Townes Van Zandt – Live at the Old Quarter, Houston, Texas

One of the worst things that can happen at a show is for the songs on the stage to reproduce the songs from the studio, yet live records fall into this trap more often than not. Crowd noise is cleaned up and artificially returned between songs. Rather than reproducing the best show, tracks are culled from multiple shows. Part of what makes live music great though is the imperfection and the unplanned, the human fallibility, the very human element itself. Instead, too many live records are more akin to a sitcom with a laugh track rather than a live audience. If there is any place in music that just screams for authenticity, it is the live show and, by extension, the live record.

The first track on Live at the Old Quarter is an announcement, not just of Townes Van Zandt’s set, but also the location of the restrooms, pool tables and cigarette machine. Before Van Zandt goes into his opener, “Pancho and Lefty,” he apologizes for the air conditioning being off. “It gets really hot; I don’t know what we’re gonna do.” Why does this matter? Because a live record should feel live. This sets the ugly, comfortable scene of sitting in a hot, muggy, smoky bar…and being rivetted by the unadulterated and imperfect beauty of a great songwriter and his songs and his banter and jokes. There is the sense of getting to know the real Townes Van Zandt across thousands of miles and nearly five decades as if he is sitting right there rather than the turntable.

The reason that Live at the Old Quarter is such a great live record, aside from being just a collection of great songs, is its purity. The record is the show almost entirely intact. According to the liner notes, only a few instances of bar glasses breaking were edited out and, though I would never know they were removed, I miss even that. But in the end, Live at the Old Quarter is perhaps the most human experience I’ve ever had without having anyone around. Through it, Townes Van Zandt is more than a songwriter. He’s a friend.

Released: 1977

3 thoughts on “Townes Van Zandt – Live at the Old Quarter, Houston, Texas

  1. Chuck

    I’m only six songs in but you touched on so much important stuff in this review, not just about this album but about live albums in general.

    This is the kind of show I love. You can tell it’s a small crowd. You can tell the audience is into it because, as TVZ says after “Pancho & Lefty,” “Man, I never heard it so quiet in here before.” You can tell TVZ is into it just by listening to his performances.

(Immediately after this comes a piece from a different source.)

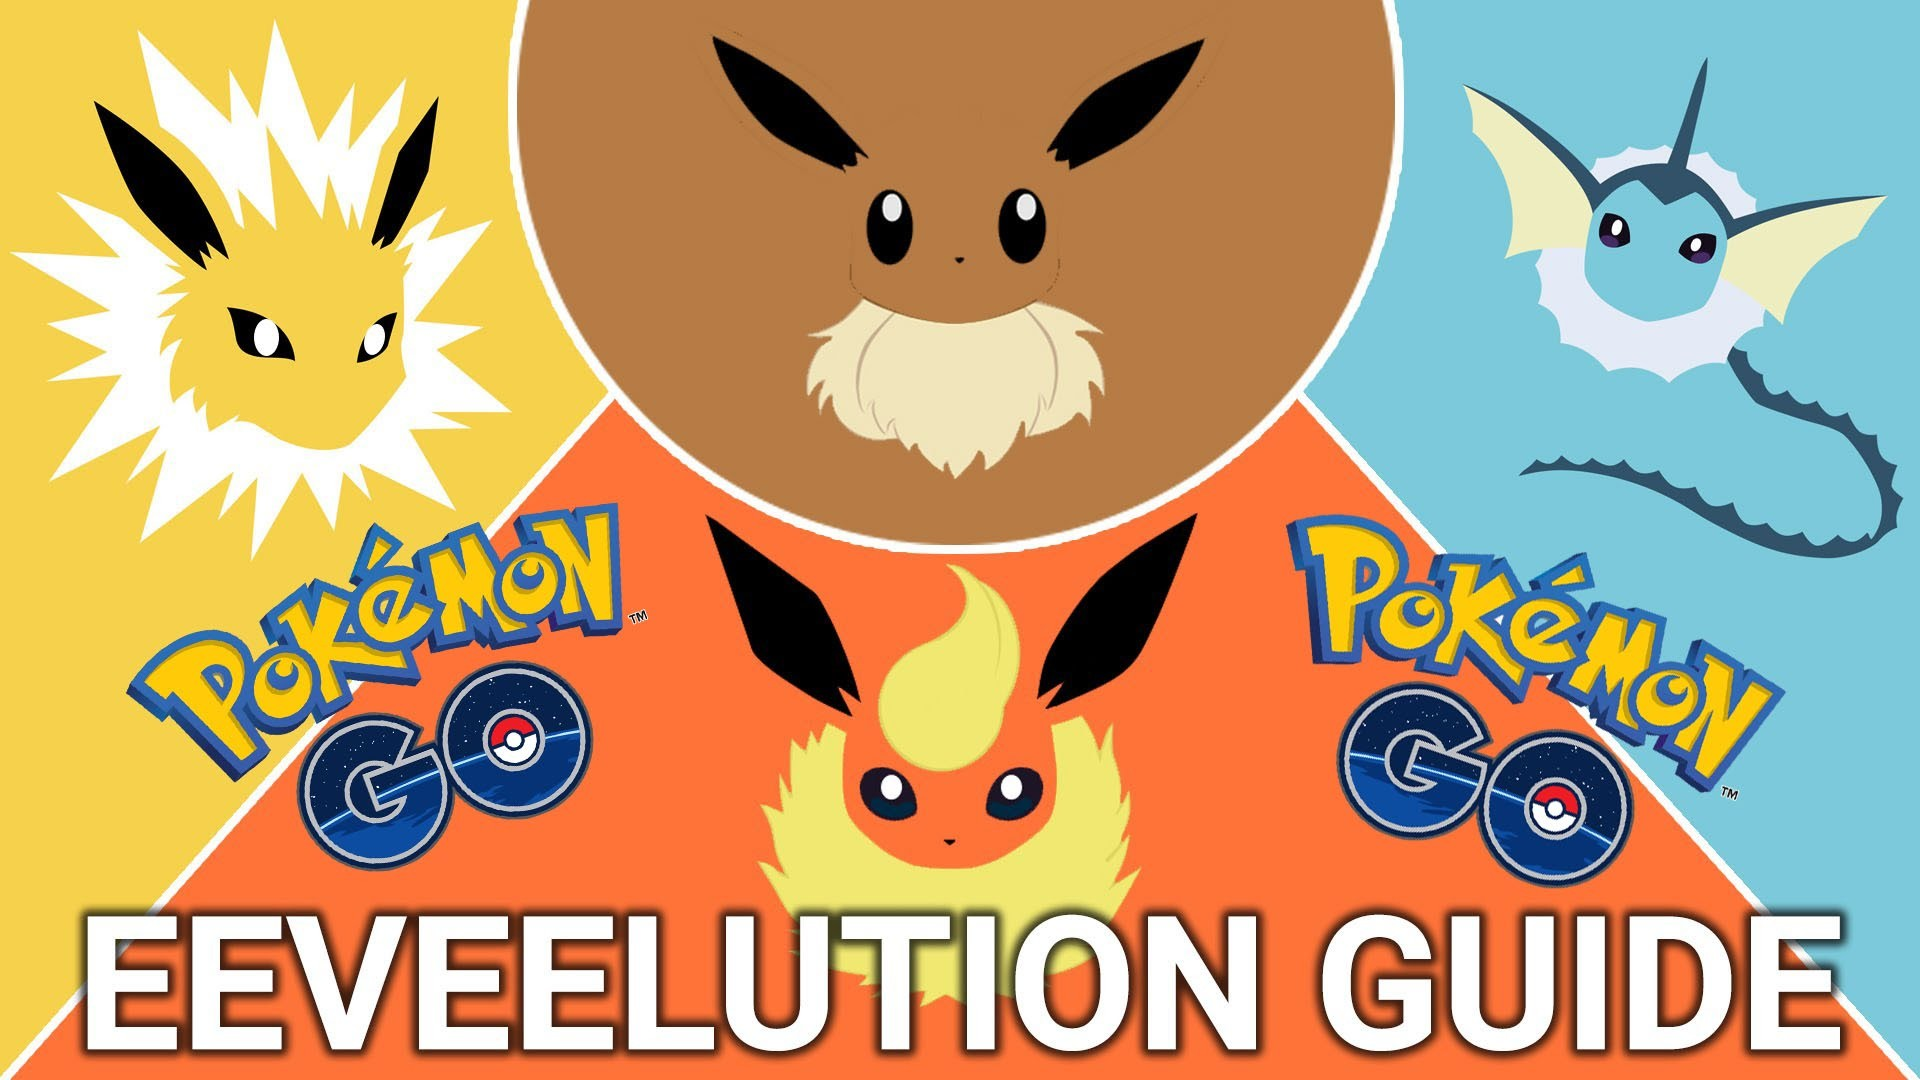 CONFIRMED: How to Evolve Eevee into (Vaporeon, Flareon or Jolteon) |  Pokemon GO Tips & Tricks
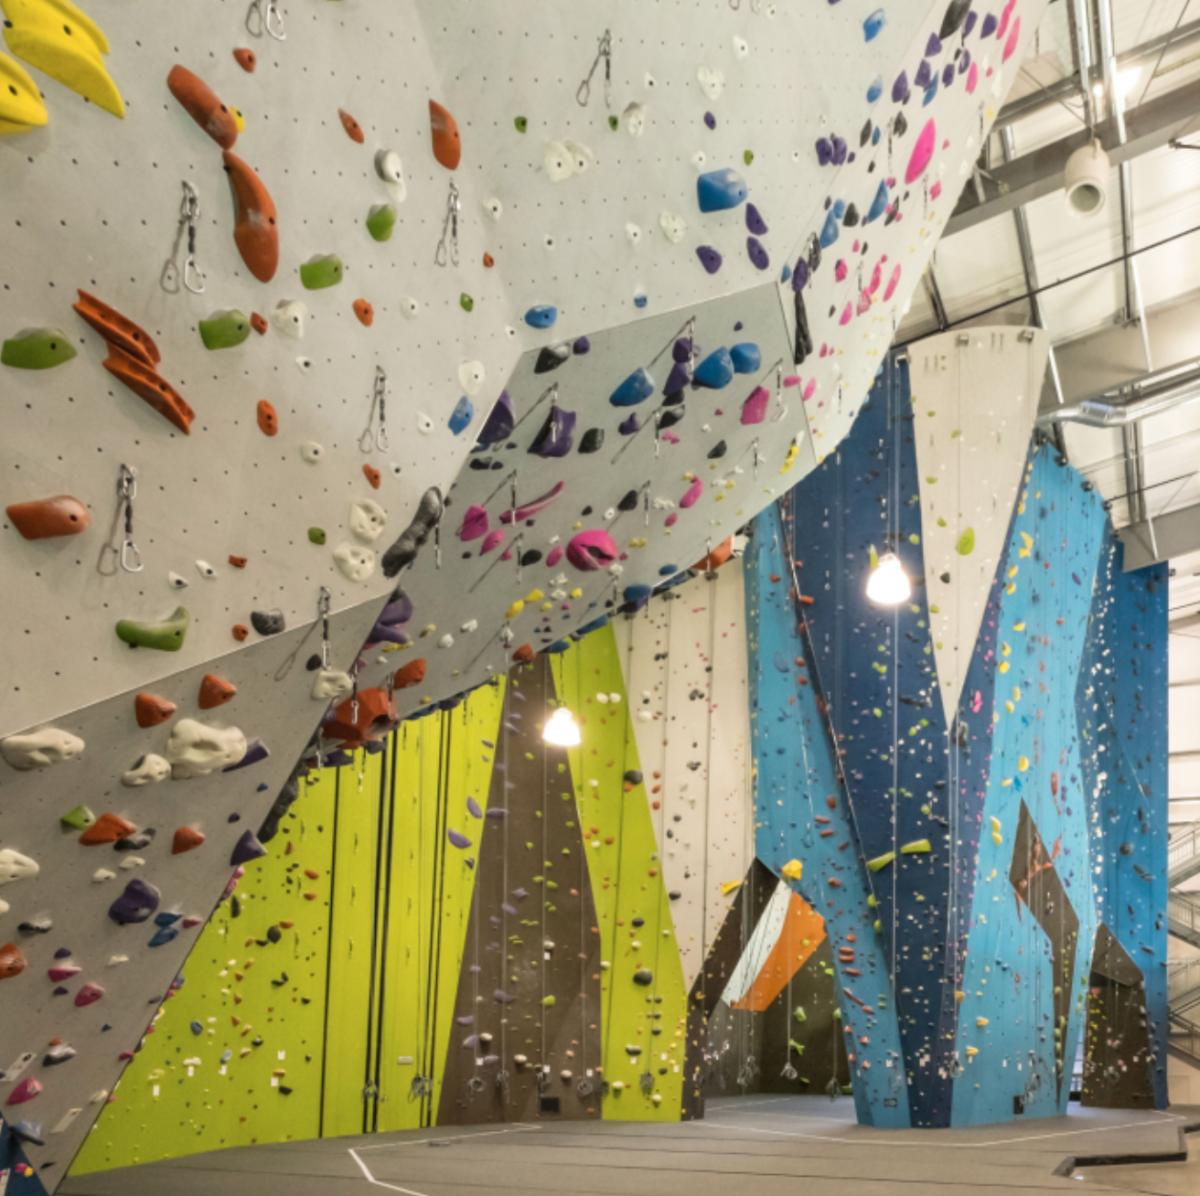 A Beginners Guide to Rock Climbing

But then there’s all the other stuff, the stuff that usually gets edited out of live albums: the corny comments, the dirty jokes, the banter with the audience. (I love that someone in the audience is announcing all the things that are upstairs before the emcee does on the opening track.) I agree, the only thing missing is the glasses breaking.

    There’s no universal definition of a great live album but I’m with you that it needs to be more than just a bunch of performances edited together with an applause track on top of it. Unfortunately, that’s usually what we get, if we’re lucky. If we were to define a great live album, though, this would be a mighty fine place to start.

  2. bobvinyl Post author

    There were some surprises in that list. I do think there is a distinction between a live in the studio recording and a live with an audience recording. The former is not necessarily a fake (though often it is). All of the Peel Sessions are live in the Radio 1 studio and they have very different feel than “produced” studio tracks. But I guess the big difference is that there is no sense of passing them off as something they are not.

    The article mentions Alive II, but I think Alive was also largely overdubs. Also, isn’t the second Dead record a live recording doctored in the studio? The latter was not marketed as “live,” so I understand that is different. I think it raises the question of whether there is value in these fake live recordings too. The Alive records, if you can stomach Kiss, actually turned out pretty well. I think Paul Stanley, when he finally fessed up, said that you would not have heard the vocals otherwise. I think we can all agree that the sham of it all is a bad thing, but does that make the end result bad or just the marketing? I still like the single show, no overdubs, all the bumps and bruises approach and to me that is a true live recording that captures something amazing, but I wonder if there is room for semi-live recordings too. I mean, do we need Kiss to be authentic?

  3. Chuck

    I think that’s a fair point about Kiss. Oddly, not every live show is only about the music, and Kiss is a perfect example.

    We also have to remember that not everyone wants the same thing out of a concert or a live recording. When I go see a band I love, I want them to turn the songs inside out, to improvise and experiment and explore, to show secrets in the songs that aren’t on the record. I love hearing the extra verses or the stretched out arrangement or the improvisational solos. But a lot of people go to concerts and want to hear a song they know that reflects the excitement of being performed live in the moment, or they buy a live album because they want the hits.

    I saw Tricky in the late ’90s and he did a then-unreleased song called Bury the Evidence that was insane. It was like 10 or 12 minutes long and it built and built and built. Every pass through the chord progression, the band would crank it up a notch, and each time you’d think, “It can’t get any more powerful than this” and then they’d elevate it even higher. It was one of the most exciting things I’ve ever experienced in concert. That’s the kind of stuff I love experiencing live, those things that are filled with mistakes and flubs and broken glasses in the background, but are still perfect in spite of (or because of) the intensity of the moment.